The Modern Allure of Silent Movies Comes to Local Venues

The Black Pirate. Photo courtesy the Alton Corp.

Lois Weber was not only one of the first woman film directors, but as proven in the 1913 short Suspense she co-directed, she may have also helped invent the split-screen shot. Among the sight gags in Suds is a squatting laundry worker played by Mary Pickford being picked up by her neck until she is forced to stand. And there were multiple sequences in The Black Pirate—which was shot in two-color Technicolor—showing Douglas Fairbanks plunging a knife into the top of a large sail on a wooden ship as gravity safely glides him down to the deck.

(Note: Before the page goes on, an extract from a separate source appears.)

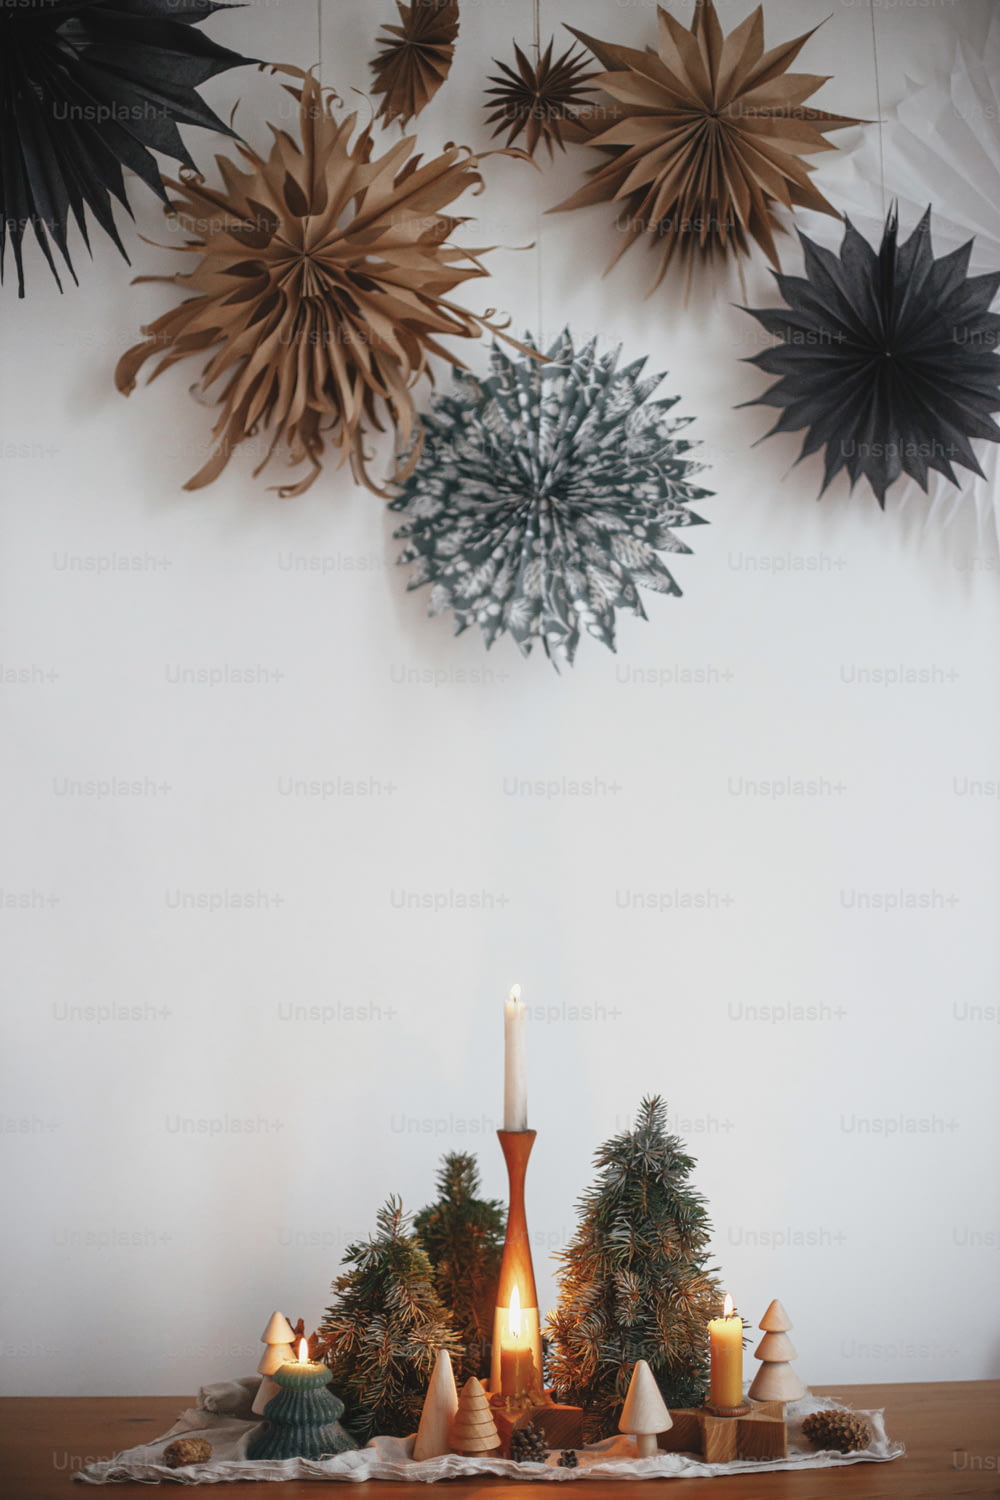 Stilvolle Weihnachtskerzen und Baumdekorationen auf Holztisch auf dem Hintergrund der weißen Wand mit großen Papiersternen. Handgemachtes Urlaubsdekor. Stimmungsvolle Winterzeit. Frohe Weihnachten!

How influential these elements of the early 20th century were for the movies that would follow over the decades may be lost on today’s cinema-goers, who yawn at stupendous special effects and seamless computer-animated graphics. But in revisiting Suspense, Suds and The Black Pirate, I wondered several times in each silent film: How did they do that?

You can take part in the same exercise—with the added benefit of a big screen as opposed to my flat-screen—when those flickers roll in Long Beach on Thursday, July 25. (The Black Pirate will also be in Santa Ana on July 28, when, just as at the Long Beach stop, the screening includes special live music—but we’ll get to that later.)

The Exhibition Room in Long Beach is a speakeasy one enters with a password and through a phone booth, which makes it era-appropriate for quarterly screenings of silent movies in conjunction with the Long Beach Heritage Museum. The next slate reveals the strong role women played in Hollywood’s early days: The Patsy with Marion Davies, A Woman of Affairs with Greta Garbo, Weber and Phillips Smalley’s Suspense, and industry-powerhouse Pickford’s starring turn in Suds, as well as Through the Back Door.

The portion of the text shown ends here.